I have all sorts of weird feelings, and I don't know how to cope with them, or make them go away.
My daughers' dad and I were together on and off for 4 1/2 years, we started dating when I was 17, and we went through many many cycles of being together for 8 or 9 months, and then breaking up for several months, and then getting back together for 8 or 9 months, breaking up, together, etc etc. All until my 22nd birthday, then I finally broke it off with him for good. His love was great, but sometimes you really need more than just love.
We do not get along, well we do now, but not when we are in a relationship. He has anger issues, I have bitch issues that only seem to be brought on by him. He lied to me about several things, we fought and fought, and the more we tried to work on things and get things back to normal, we realized there would never be a normal, I would always hold a grudge against him for some of the things he's done. Finally it just all piled on and got too much for me to bear, so that's why I ended things for good.
A month later I started dating my current fiance, his mom was one of my professors at the time, and her and I got very close because she would help me out a lot since I had toddler twins at the time, not to mention dealing w/ everything with david (the ex) school was kickin my butt, and she would help me a lot, and we'd often encounter her son.
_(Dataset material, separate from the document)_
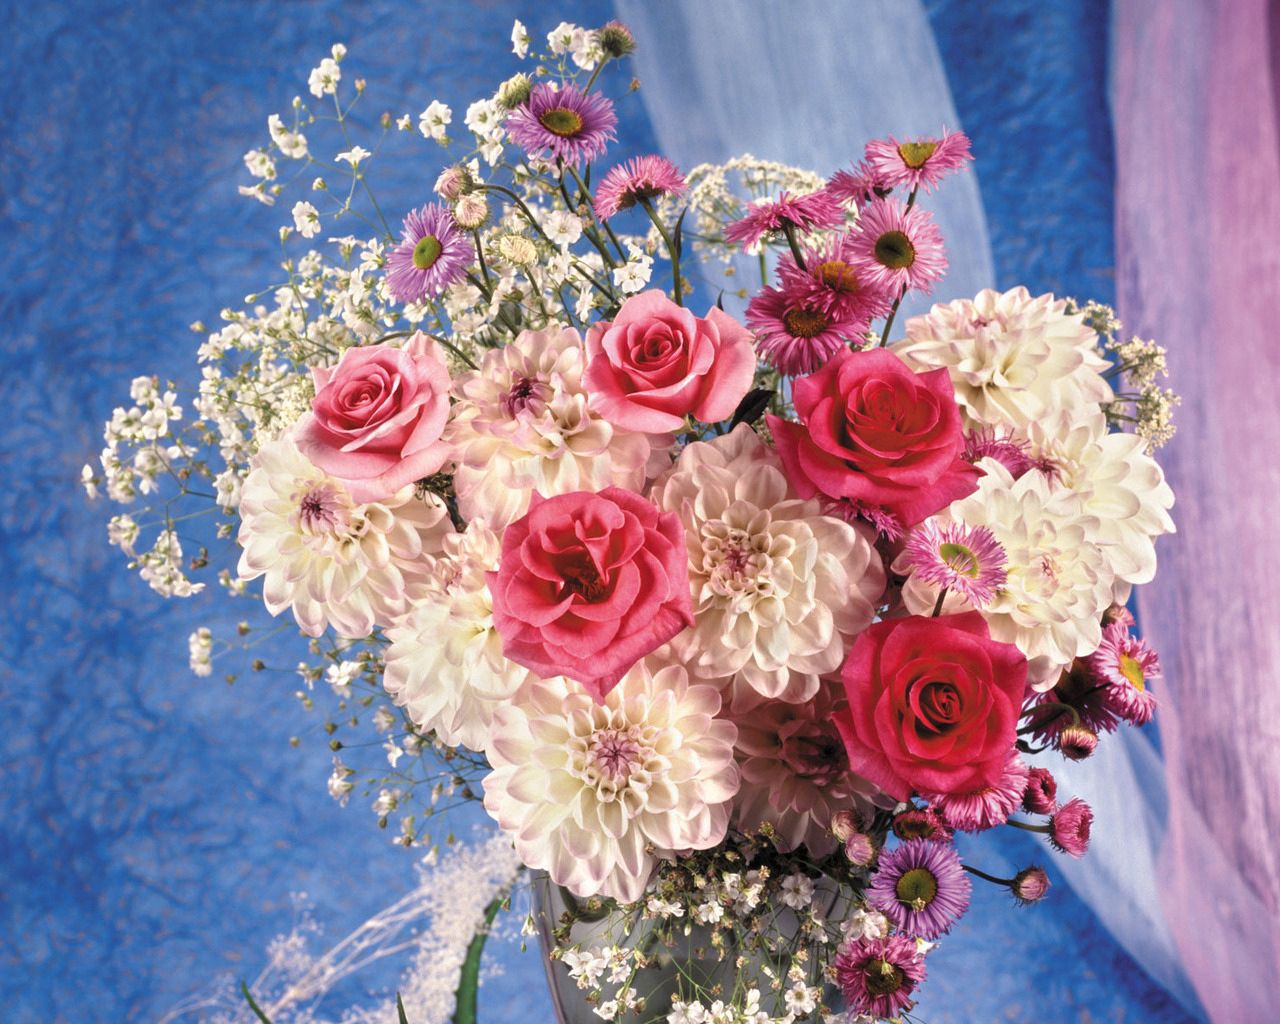 158149 免費下載壁紙 花卉, 玫瑰, 花束, 登记, 设计, 花瓶, 瓦萨, 大丽花, 圣乔治, 华丽的, 别致 屏保和圖片

I thought he was very good looking and seemed pretty cool and I added him on facebook one day and we started talking and now we've been together a year and a half, got engaged on our 1 year anniversary.
He is sooo great, I have never felt so right with someone, we get along great, we never fight, and he is so mature and I trust him with my life. He also loves the girls and takes care of them when they're here (which is most of the time, I have full custody, David sees the girls every other weekend and on tuesdays). We just bought a house 6 months ago, and we're getting married next March.
Anyway, just had to give all that before I get into what's bothering me..
Lately I have been having so many dreams about David, and I've been flirting with him a little bit, now I would never ever ever cheat on my fiance, not in a million years, but still my heart somewhat feels as if it belongs to David. Maybe it's just because we have kids together, but lately it has been growing. Maybe I'm just starting to feel bored, like I want some excitement, or scared of committment, I have never been with anyone longer than 9 months, and I've dated a lot of guys, in fact besides David my relationships never lasted longer than 2 months max, and now we're at a year and a half and maybe i'm freaking out a little bit.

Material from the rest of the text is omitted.